Files are stored as objects in your S3 buckets and you can configure the initial storage class for objects that File Gateway creates. There is a one-to-one relationship between files and objects, and you can configure the initial storage class for objects that Amazon S3 File Gateway creates.
You can use S3 lifecycle policies to change an object's storage tier or delete old objects or object versions. In the case of objects deleted by lifecycle policy, you will need to enable the periodic cache refresh feature or call the RefreshCache API to reflect these changes to your NFS clients.
Local disk storage on the gateway is used to temporarily hold changed data that needs to be transferred to AWS, and to locally cache data for low-latency read access. File Gateway automatically manages the cache maintaining the most recently accessed data based on client read and write operations. Data is evicted from the cache only when space is needed to store more recently used data.
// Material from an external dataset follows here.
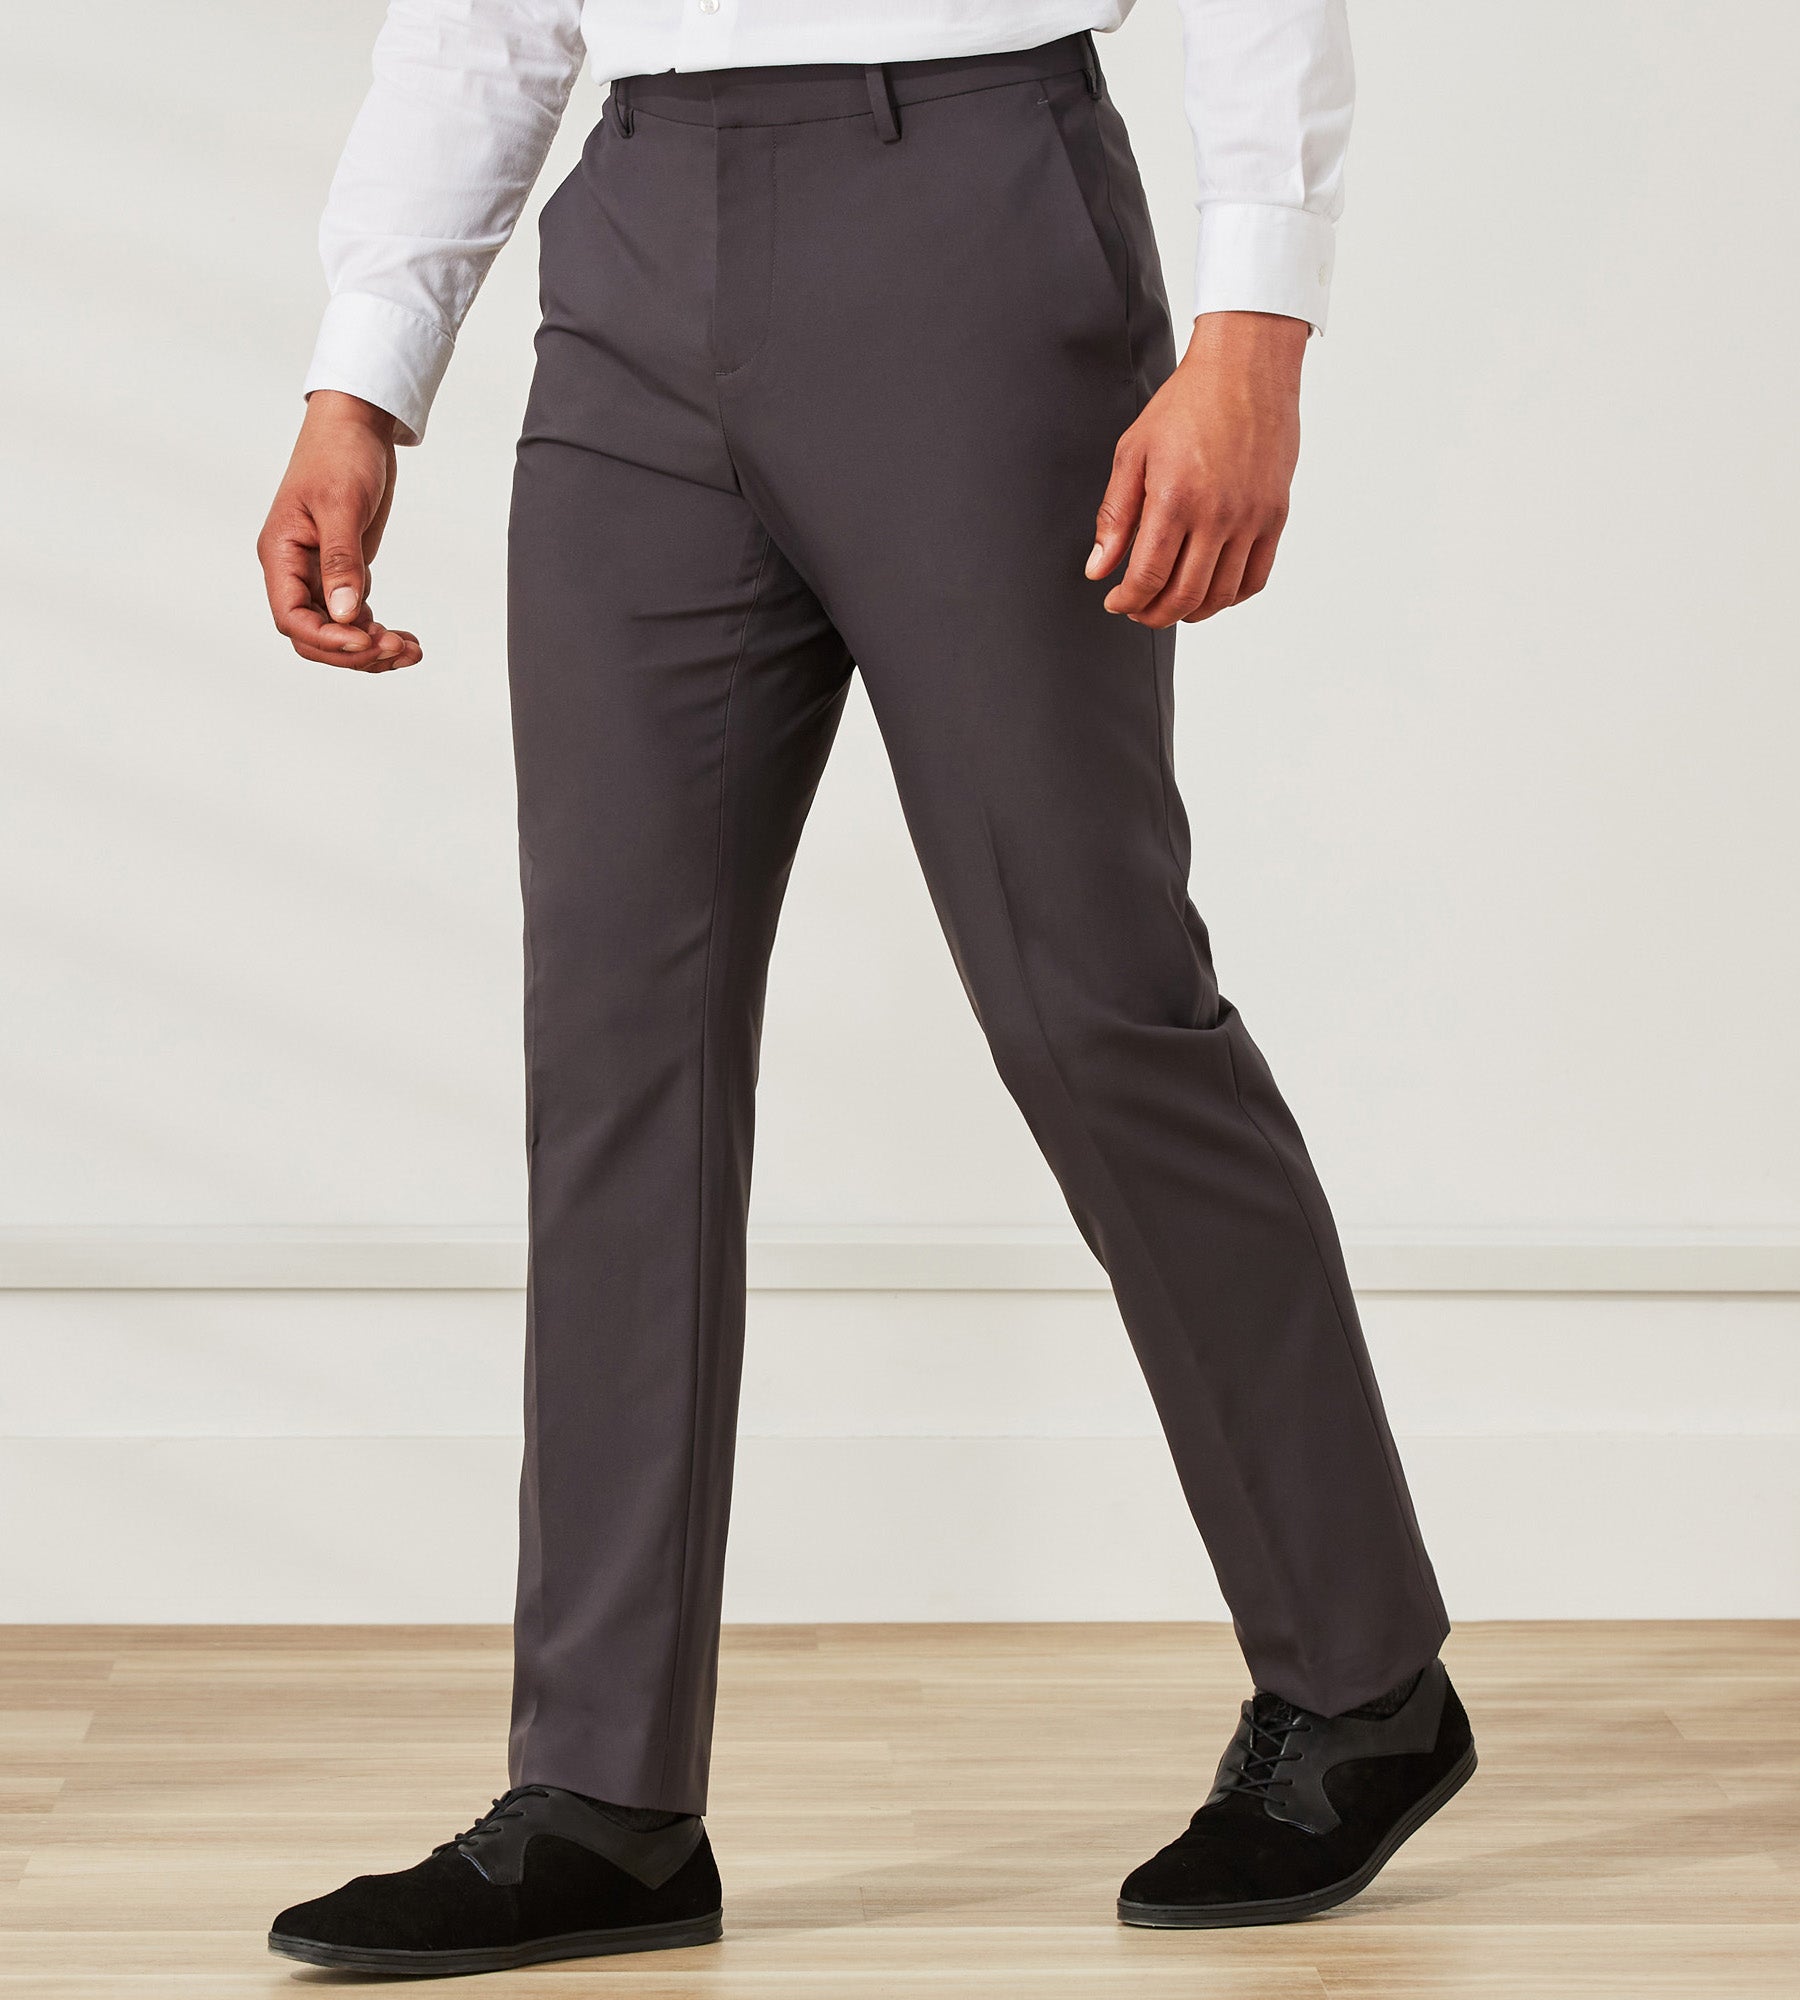 Attractive Slim Fit Dress Pant Design, Best Slim Fit Dress Pant, Dress Pant  For Men
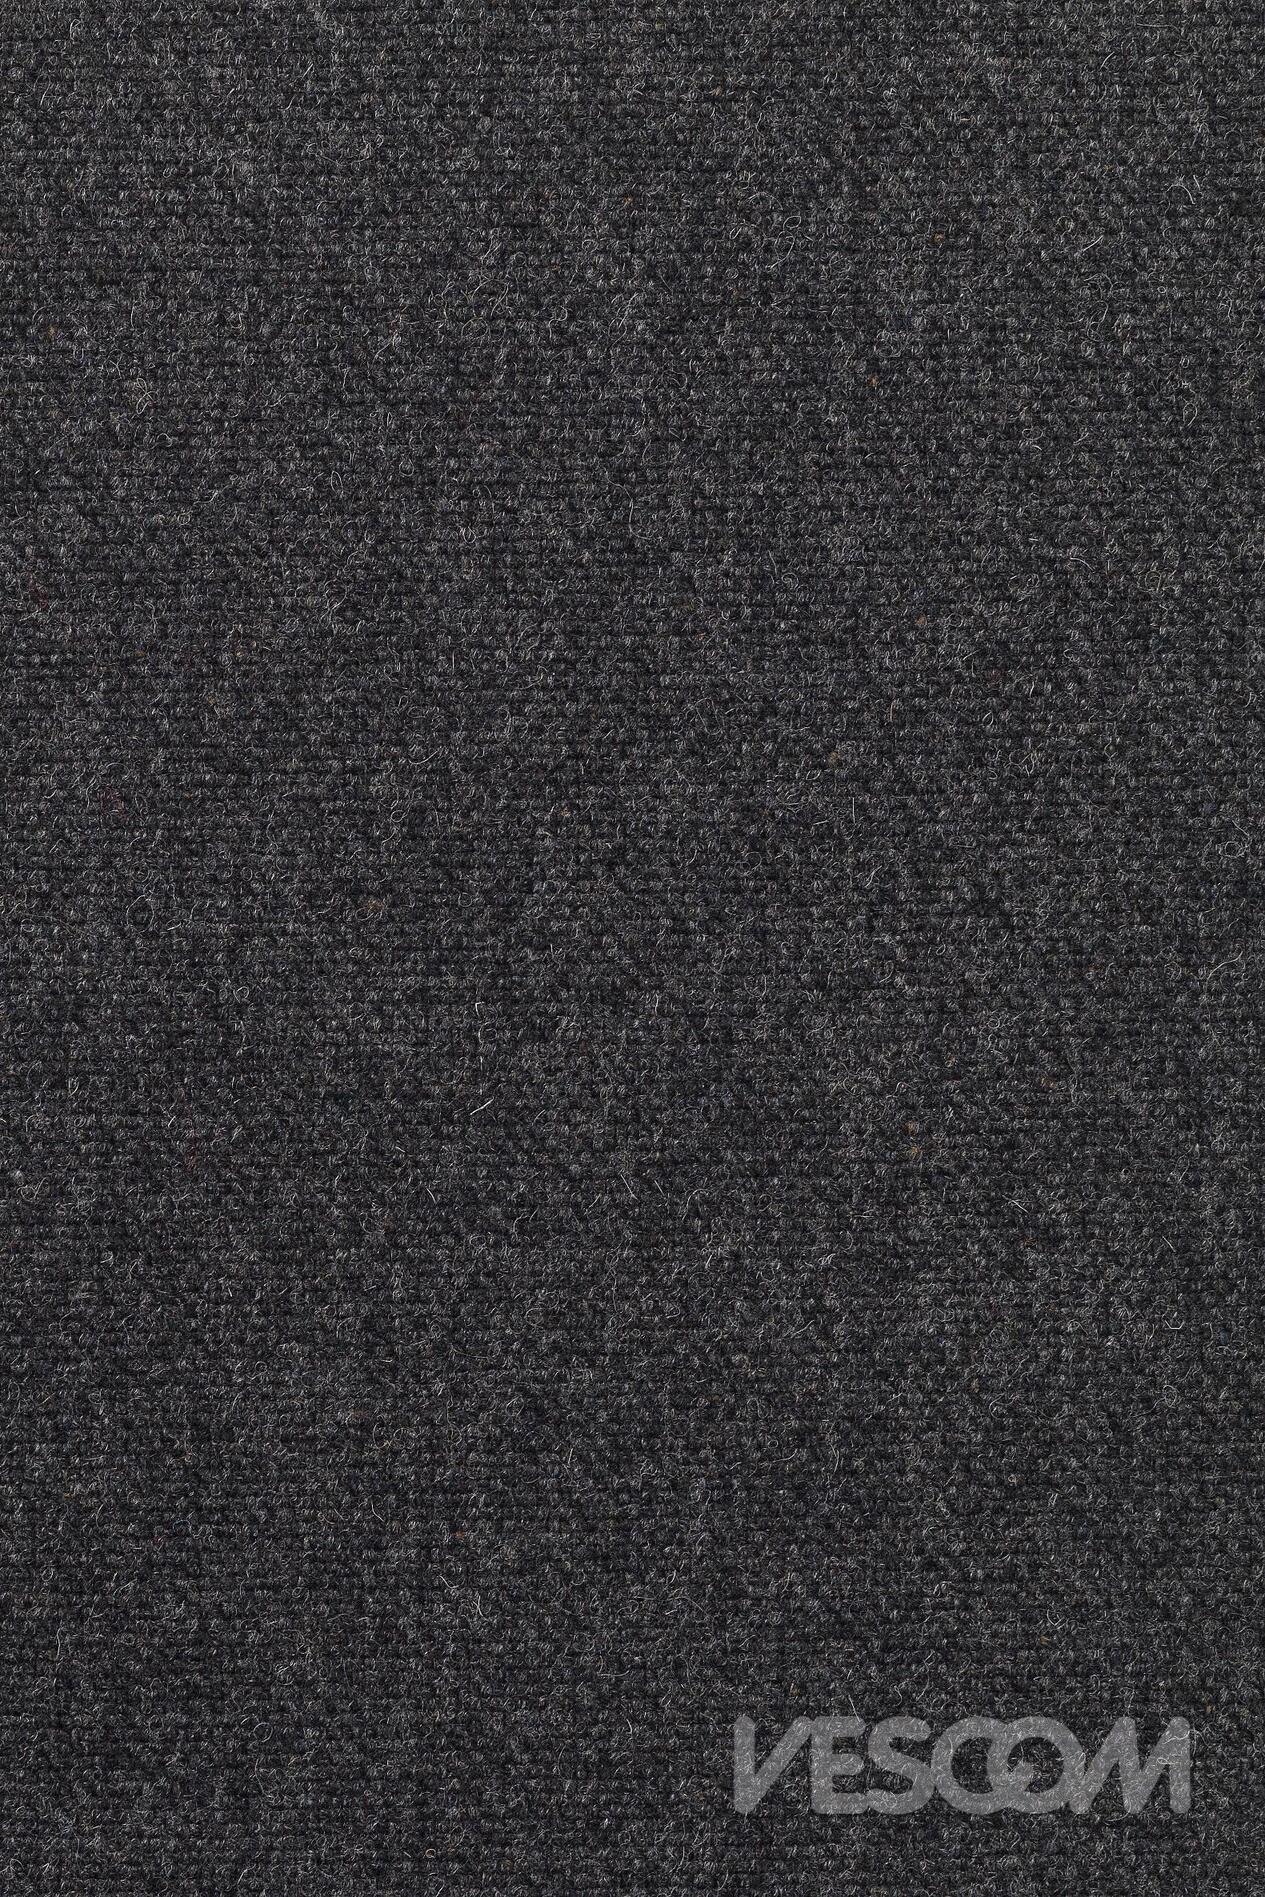 Vescom-Wolin-Upholstery-Fabric-7050.10.jpg

Many on-premises desktop applications are latency-sensitive, which may cause delays to your end users and slow performance when they are directly accessing files in AWS from remote locations. Additionally, allowing large numbers of users to directly access data in the cloud can cause congestion on your shared bandwidth resources such as AWS Direct Connect links. Amazon FSx File Gateway allows you to use Amazon FSx for Windows File Server for these workloads, and help replace your on-premises storage with fully managed, scalable, and highly reliable file storage in AWS without impacting your applications or network.
The Snowball Edge Storage Optimized device provides 80 terabytes of usable block storage or object storage and can migrate that amount of tape data to S3 Glacier Flexible Retrieval or S3 Glacier Deep Archive.
You get 11 9s of data durability, fixity checks by AWS on a regular basis, data encryption, right data when you restore, and cost savings, when storing virtual tapes in AWS using Tape Gateway with S3 Glacier Deep Archive compared to warehousing physical tapes offsite. First, all virtual tapes stored in S3 Glacier Deep Archive are replicated and stored across at least three geographically-dispersed Availability Zones, protected by 11 9s of durability. Second, AWS performs fixity checks on a regular basis to confirm your data can be read and no errors have been introduced. Third, all tapes stored in S3 Glacier Deep Archive are protected by S3 Server Side Encryption using default keys or your KMS keys. In addition, you also avoid physical security risk associated with tape portability. Fourth, compared to the experience of warehousing tapes offsite where you may receive an incorrect or broken tape during restore, with Tape Gateway, you always get correct data. Finally, you can save in monthly storage costs when storing your data in S3 Glacier Deep Archive compared to warehousing tapes offsite.